Very interesting! Could you tell us a little bit more about your history in MSX? Or -- feel free to write a page about yourself in our Scene Wiki. I think many of our visitors will find it to be an interesting read. :)

Por Manuel

Ascended (19469)

Imagen del Manuel

15-10-2012, 14:55

tcruise: Can you give some insights on the number of subscribers through the years and perhaps your sales numbers, to get some insight on how many users were active over there?

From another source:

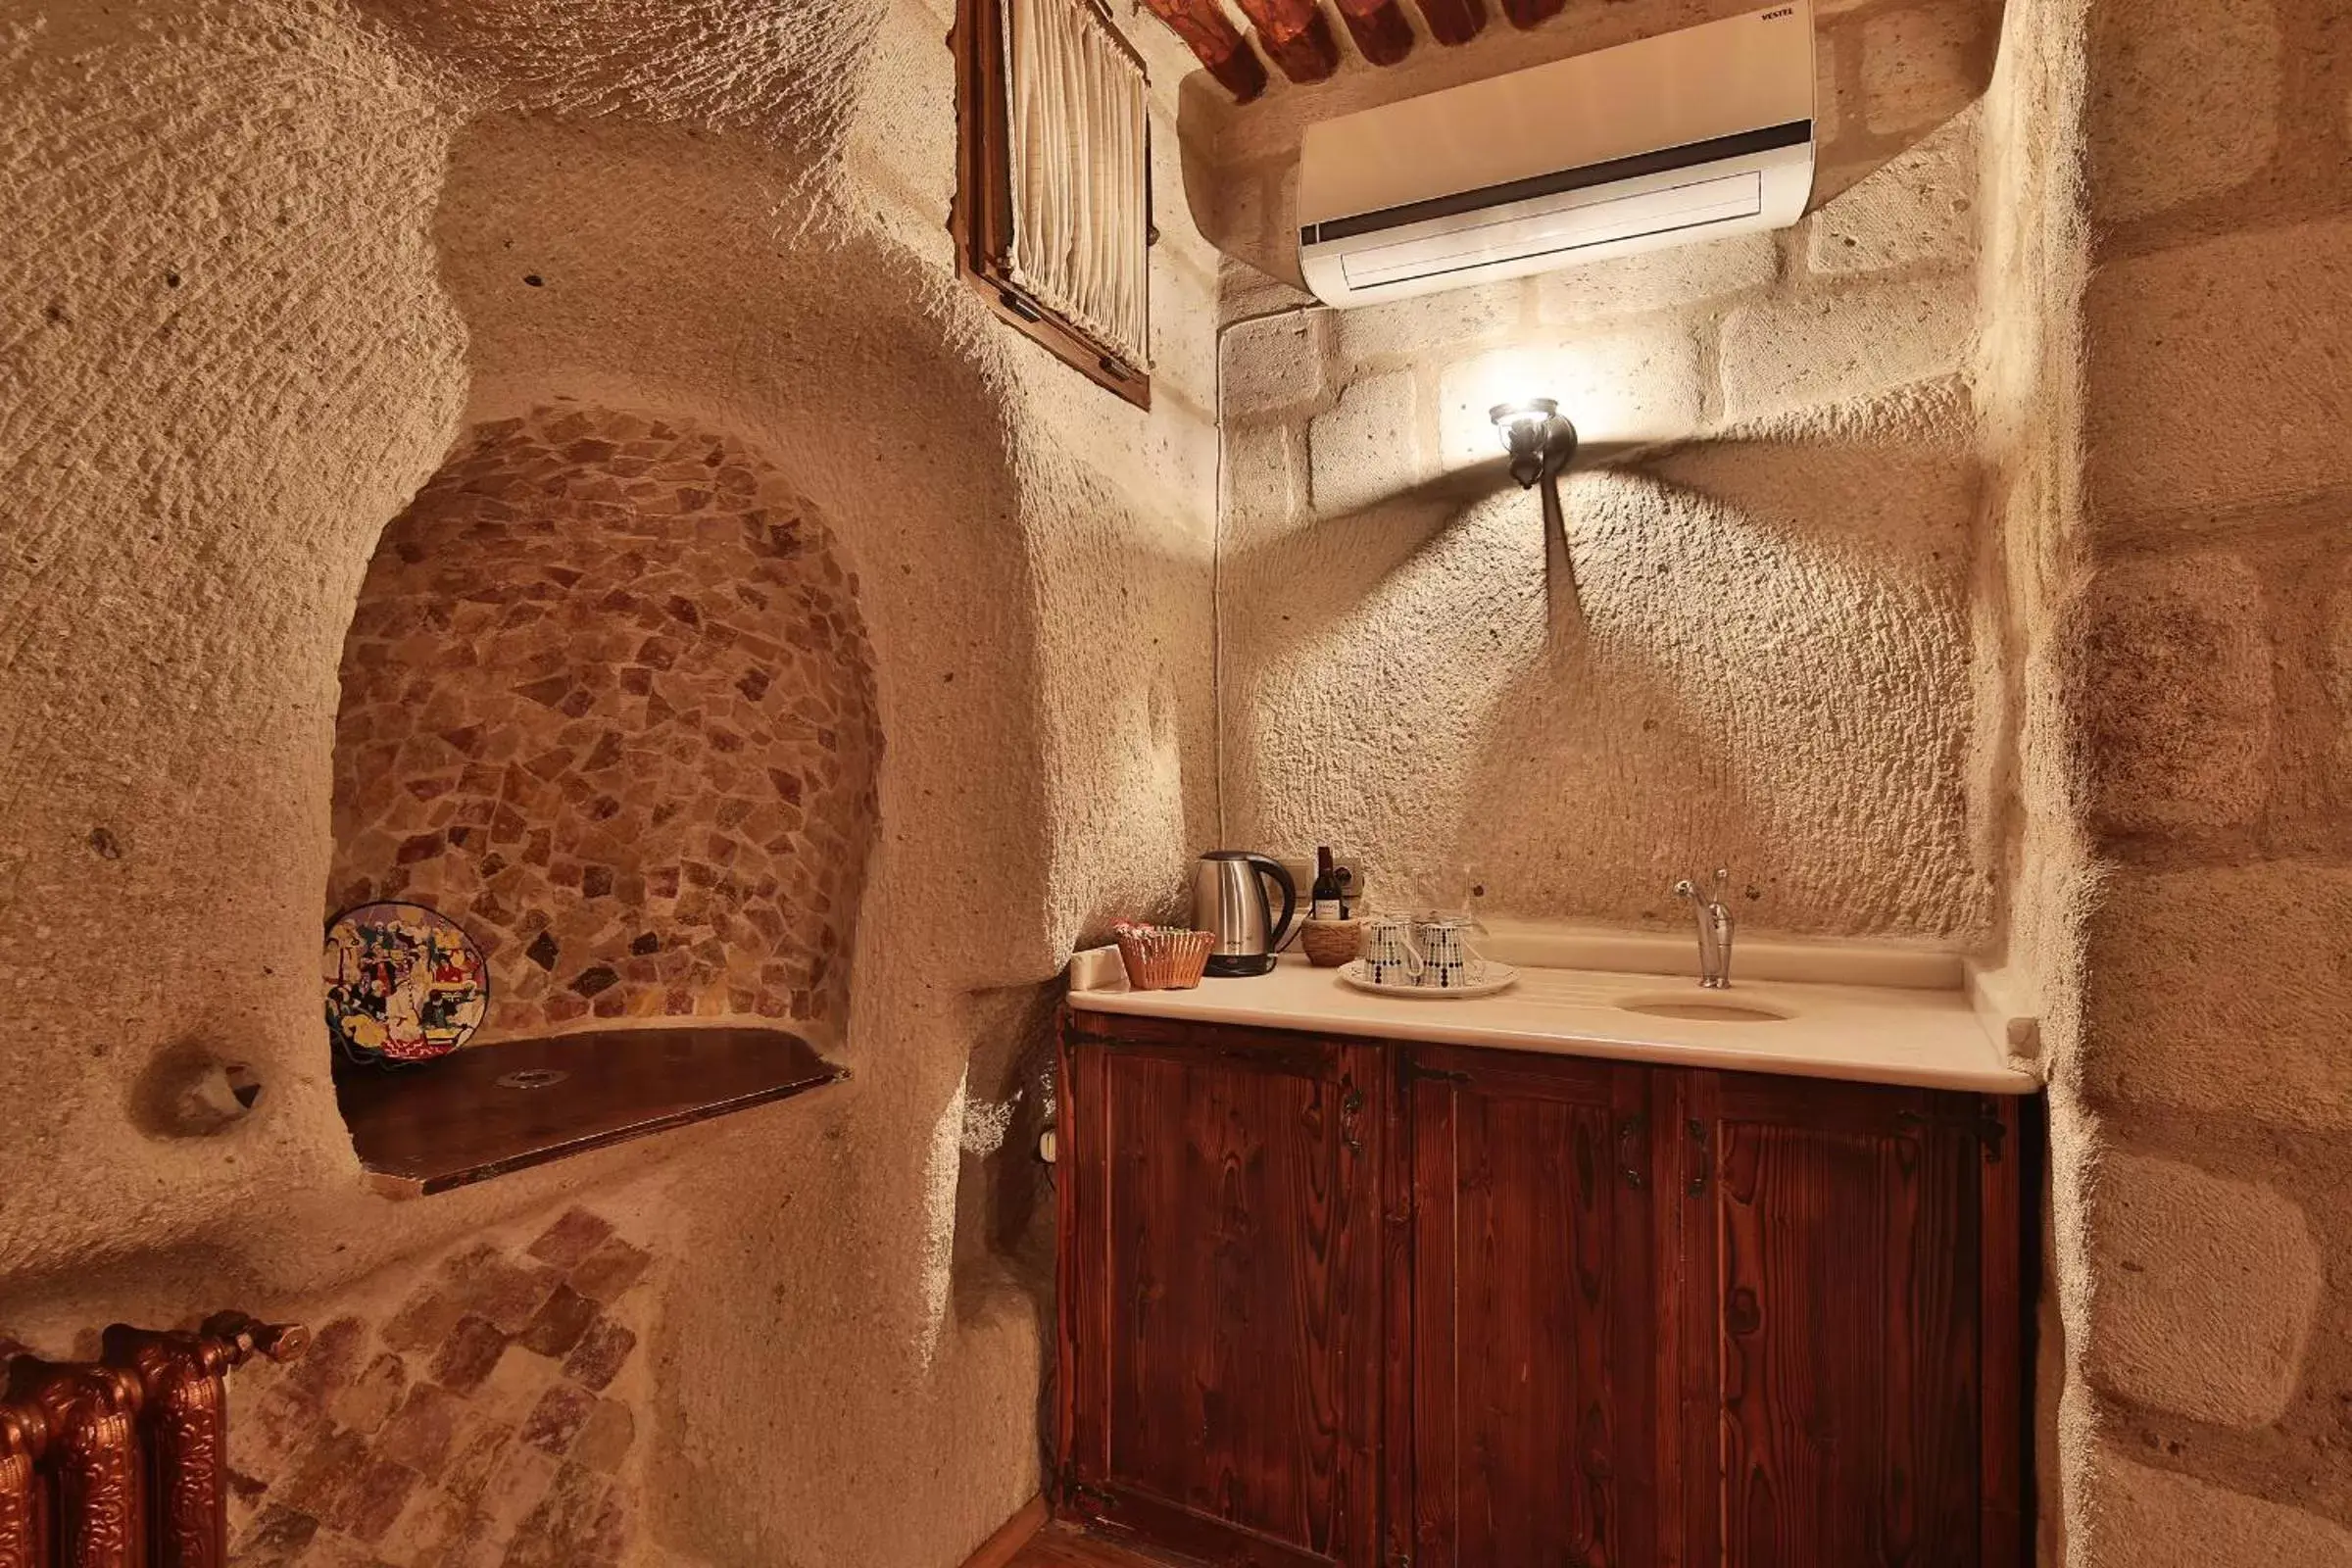 Coffee/tea facilities, Bathroom in Cappadocia Cave Suites
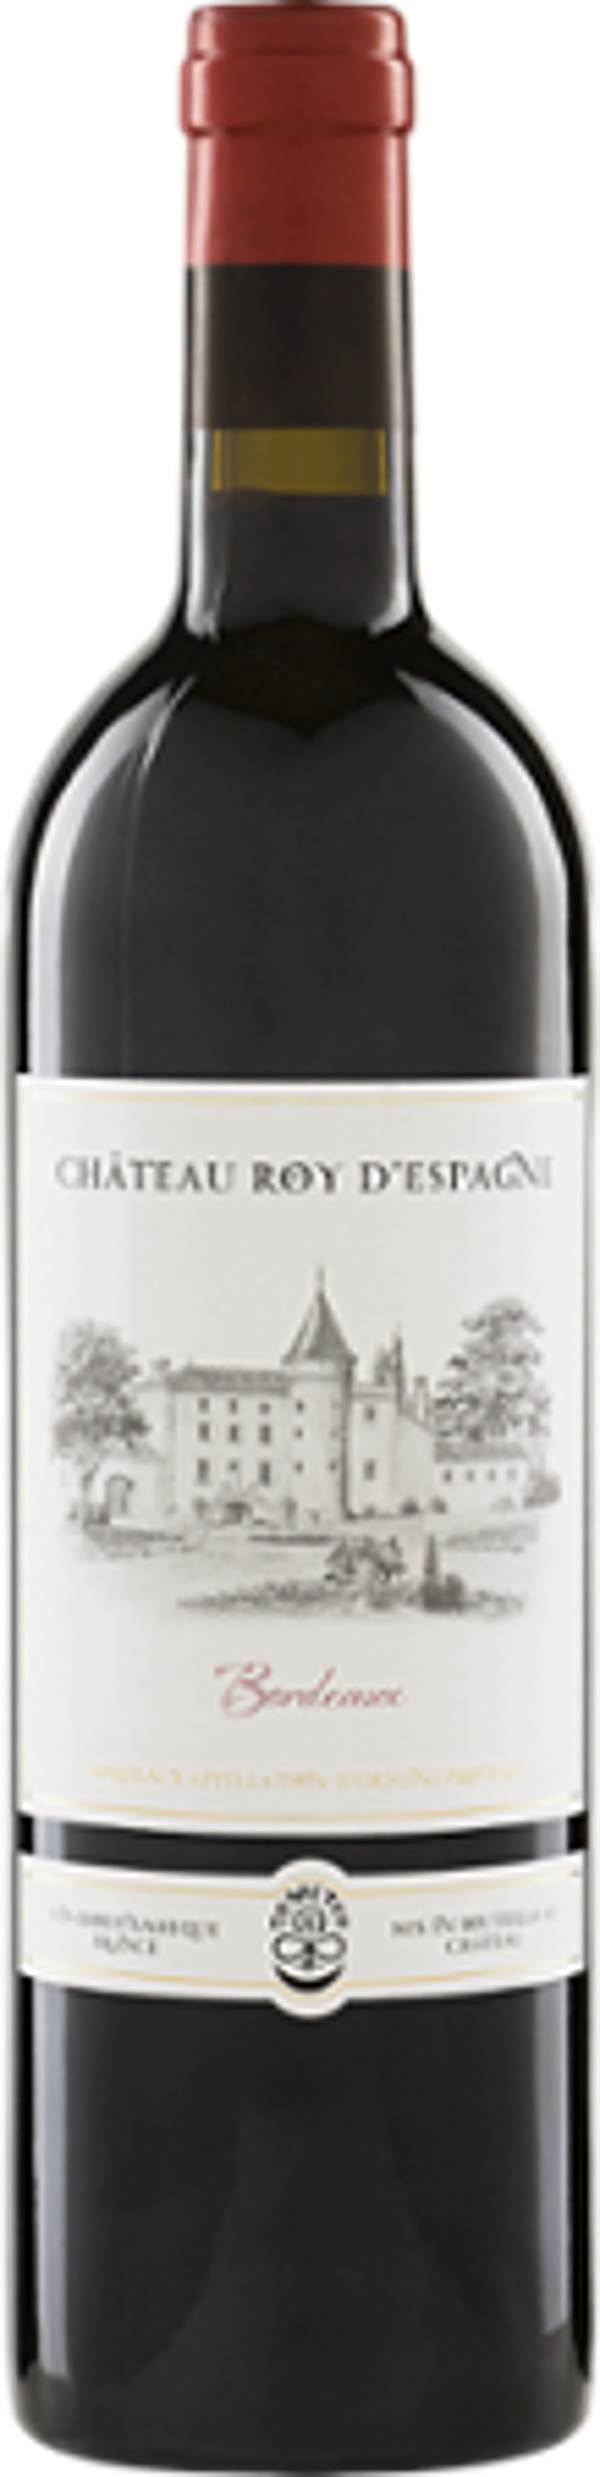 Produktfoto zu Château Roy d'Espagne Bordeaux

I know I'm risking a 'you could have read that overthere'... please point me to the place where you already put that info then Smile

Anyway, I've been following your presence on MRC since you joined and I've read all those magazines you put online Smile Very interesting read!

Por tcruise

Master (134)

Imagen del tcruise

16-10-2012, 01:36

Spectravideo
The Spectravideo range of machines was released through small retailers and gained quite a following from the CPM community in Australia, with a particularly focused group of supporters in Northern Tasmania (Launceston), this group then publishing the Spectravideo Users Group of Tasmania magazine in October 1983 (the MSX standard was mentioned in the very 1st issue).
It became the Spectravideo Australasian Users Group with the April 1984 issue, by June 1984 there were 170 members of the user group.
July 1984 finally saw the release some new games for the Spectravideo (although none would work on the 318 due to memory usage): Kung Fu Master, Turboat, Sasa, Telebunny, Old Mac Farmer, Ninja & Tetra Horror.
August 1984 added another 20 members.
November 1984 Bondwell takes a controlling interest in Spectravideo.
March 1985 the first MSX models are reported about, the 1st being the Yamaha CX5M, closely followed by Sony's 1st Hit Bit model and the Spectravideo 728.
The June 1985 issue of the user group makes another name change to SVI & MSX Australisian Users Group.
June 1986 sees MSX 2 models directly imported (not through distributed) in extremely limited numbers
Computer Forum (MSX)
The MSX focussed Computer Forum magazine's 1st four issues (launched mid 1986) were distributed through news agents in Australia with a minimum print run of 5,000 copies, it then switched to subscription only sales with an initial base of around 2,000 subscribers.
When I took over after issue 2-10, publishing the final issue of 2-11, there were around 400 subscribers. They fell again by another 50 by the time I published the relaunch through Micro's Gazette, but they had dwindled to around 250 over the next 14 months, so I passed it on again, where it continued as a bit of a fanzine for about another 12 months.